I have worked in dozens of municipalities and zoning is always an issue. When I got to Florida, the problems were minimalized due to the survey requirements.

For anything other than brand new development/construction that's an insanity requirement. In my little town of 7000 people I should be asking for a $1000 survey every time I sell a $10 permit for a $400 fence in the back yard for the dog? That's not in the realm of things that are possible. It's not even in the same universe...

In all but the oldest parts of town, and sometimes even there, the steel pins in the corners of the parcels are findable. Rent a metal detector. Find the pins, string a line, measure your setbacks. Leave the strings up so I can see them when I come for the first inspection.

This is the same thing as requiring an engineers stamp on a prescriptive residential project. It's unnecessary CYA by the jurisdiction.
 
For anything other than brand new development/construction that's an insanity requirement. In my little town of 7000 people I should be asking for a $1000 survey every time I sell a $10 permit for a $400 fence in the back yard for the dog? That's not in the realm of things that are possible. It's not even in the same universe...

In all but the oldest parts of town, and sometimes even there, the steel pins in the corners of the parcels are findable. Rent a metal detector. Find the pins, string a line, measure your setbacks. Leave the strings up so I can see them when I come for the first inspection.

This is the same thing as requiring an engineers stamp on a prescriptive residential project. It's unnecessary CYA by the jurisdiction.

This is our thinking on this as well. Even on projects where the pins are not visible, you can usually see where one property owners stops mowing and the next starts. We also have property fabric overlays on orthos in our GIS software to see where the line is in comparison to existing structures.

We do not certify the project meets property setbacks without a plot plan sealed by a surveyor. We just confirm that the setbacks appear to meet zoning.

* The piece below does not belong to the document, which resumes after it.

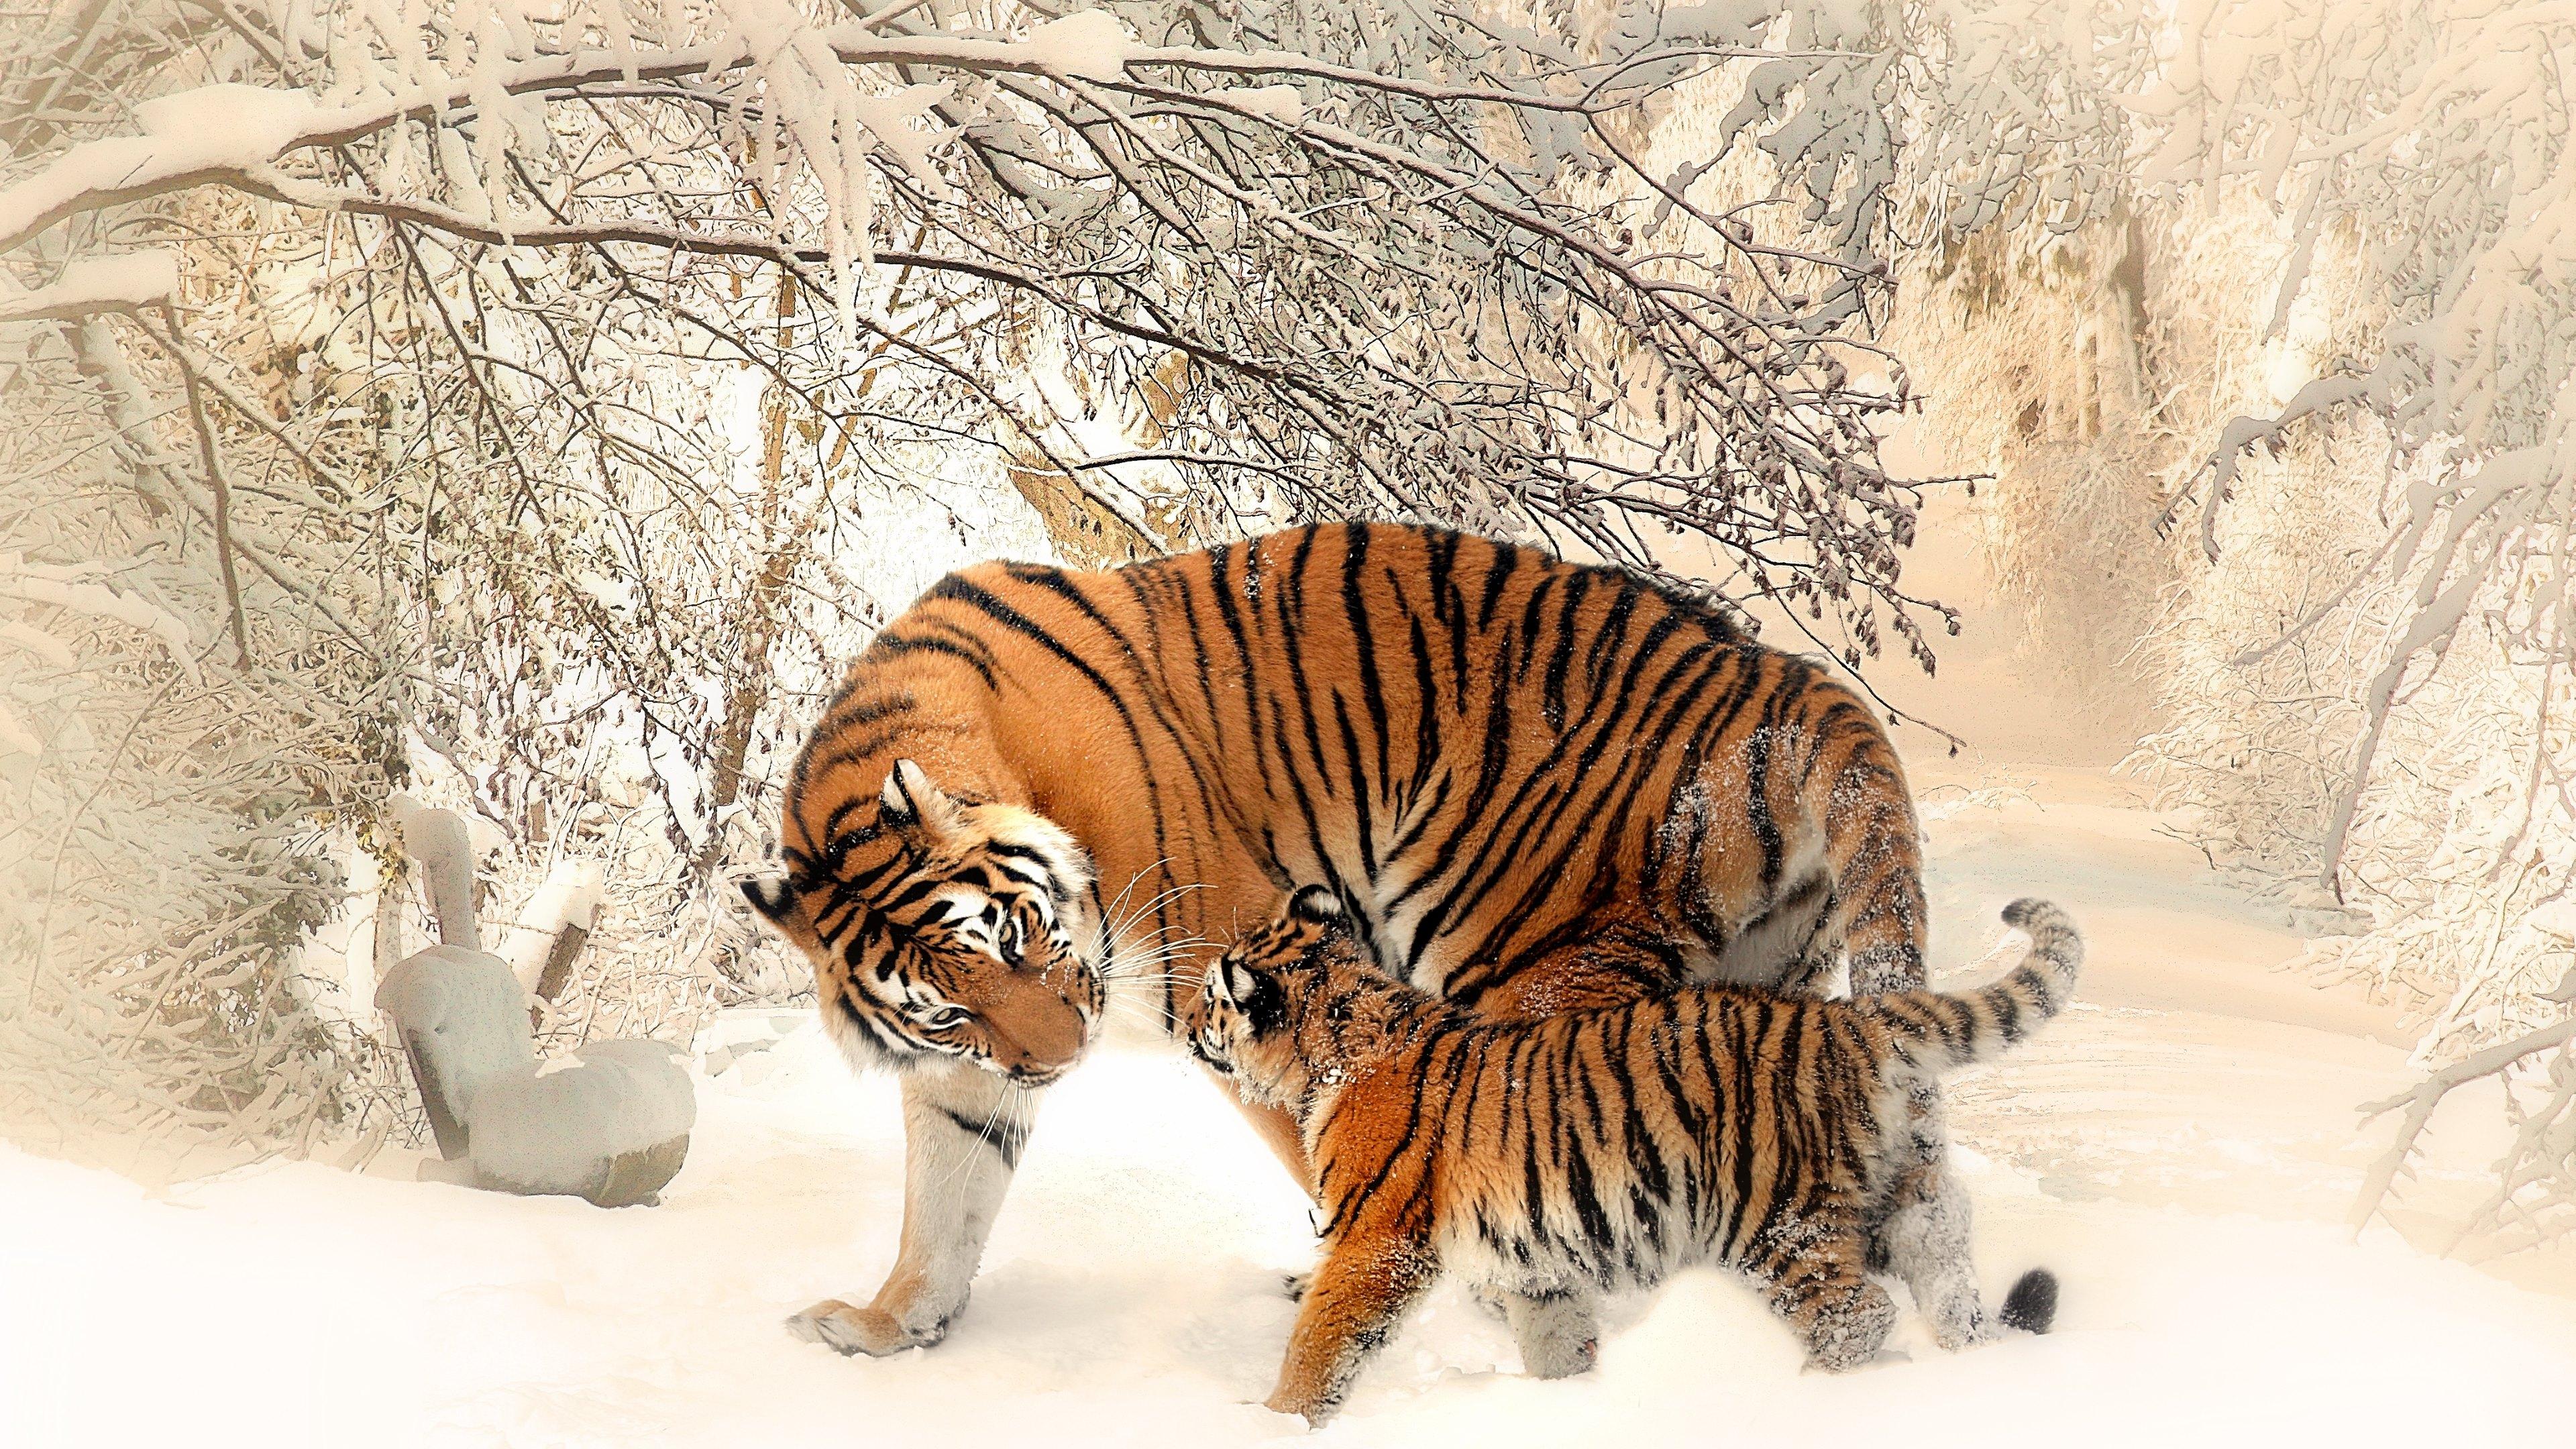 picalls | mother and cub tigerschristine sponchia.

Our primary concern in requiring surveying for accessory buildings is that it will increase the rate of un-permitted work. Our feeling was that it was better to have some control over the most work possible than a lot of control on a little bit of work and a lot of enforcement to do.
 
ADAguy, the septic system was on the site plan and appeared to meet the setback requirements. Unfortunately the actual property lines were not where they were indicated on the site plan. On the survey map an iron pipe was found about 35' from the newly surveyed line. It would appear that this pipe was assumed to be a line marker and the site plan was drawn using this as a side line.

The new owner of the property is negotiating a boundary line adjustment with the neighboring owner.